**DATA FOR THIS TASK**
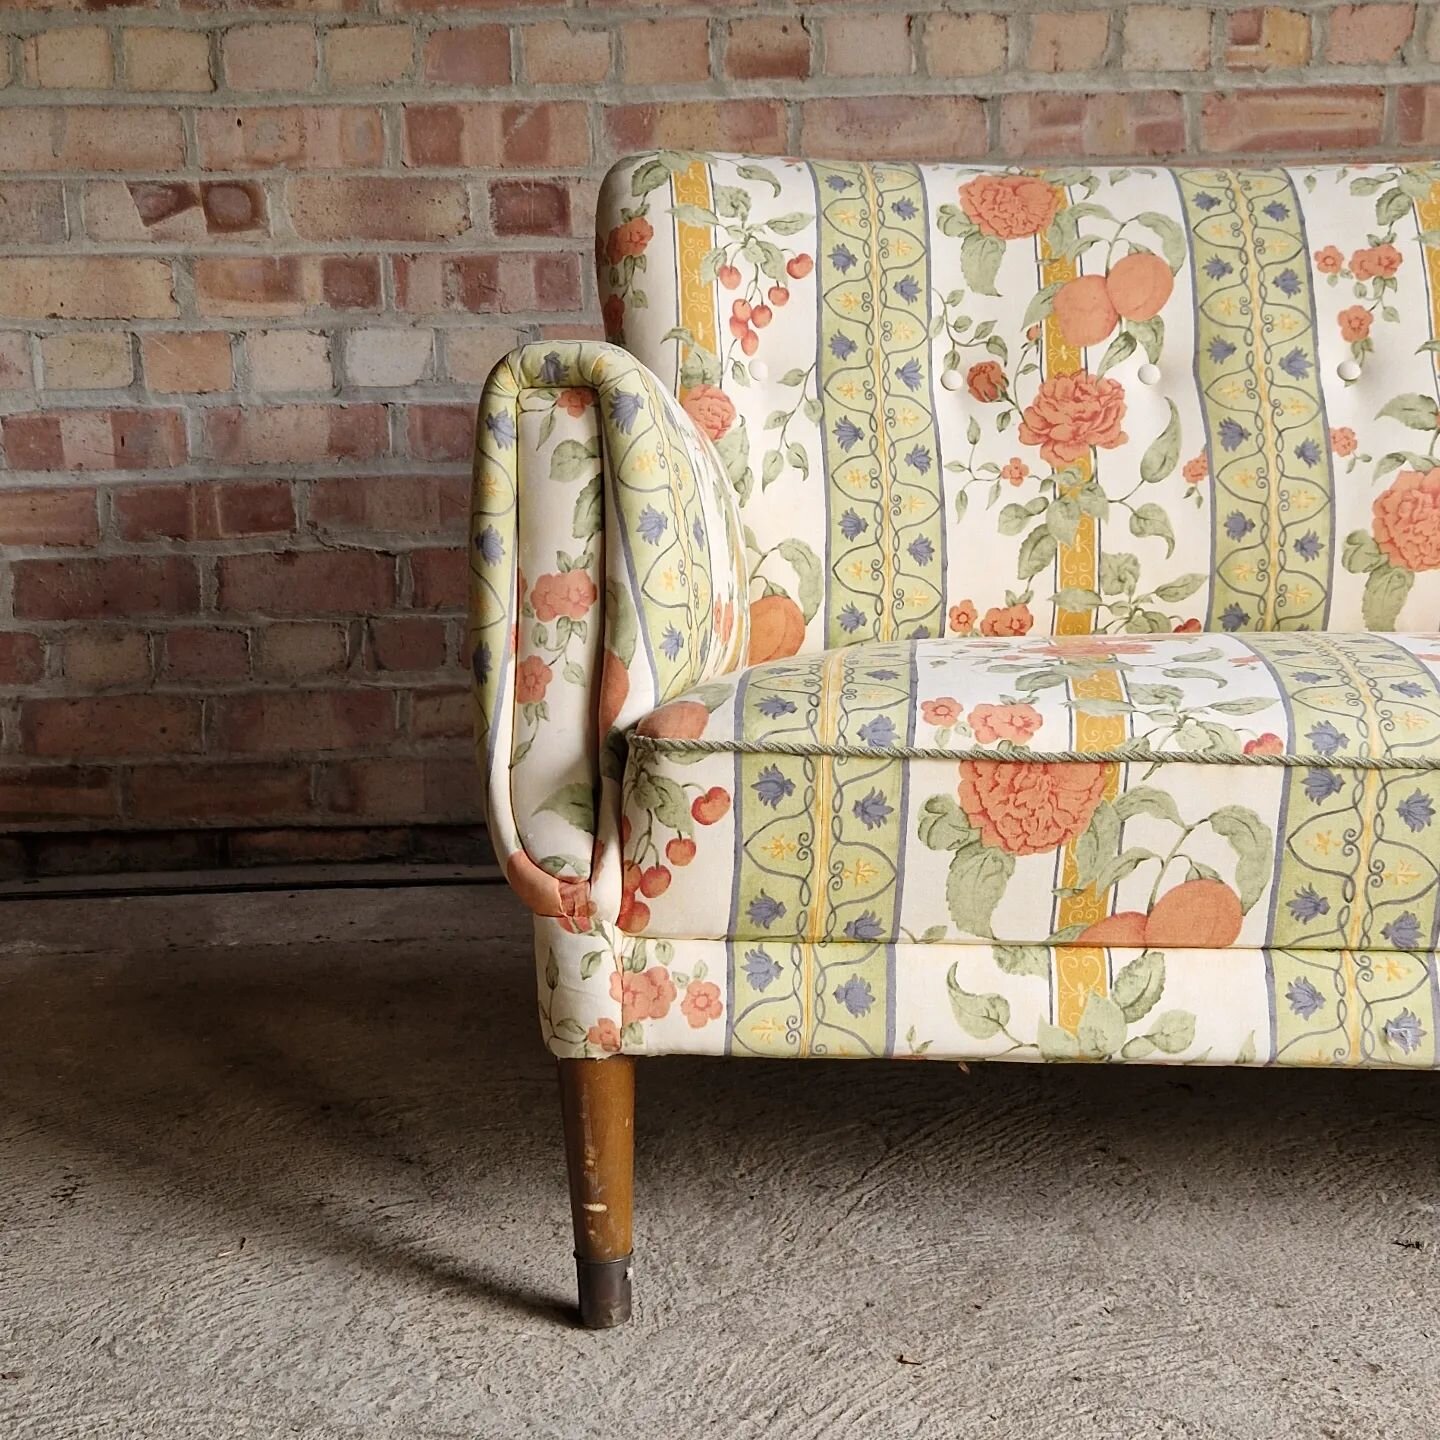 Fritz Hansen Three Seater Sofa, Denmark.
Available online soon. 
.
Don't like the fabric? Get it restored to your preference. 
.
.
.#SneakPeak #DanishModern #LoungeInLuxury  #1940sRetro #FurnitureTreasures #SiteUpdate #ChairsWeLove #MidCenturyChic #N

**EXERCISE**
Only the last part of the records is wanted. Repeat it exactly, beginning at the line containing "Don't like the" and ending at the final line.

**REPLY TO THE EXERCISE**
Don't like the fabric? Get it restored to your preference. 
.
.
.#SneakPeak #DanishModern #LoungeInLuxury  #1940sRetro #FurnitureTreasures #SiteUpdate #ChairsWeLove #MidCenturyChic #N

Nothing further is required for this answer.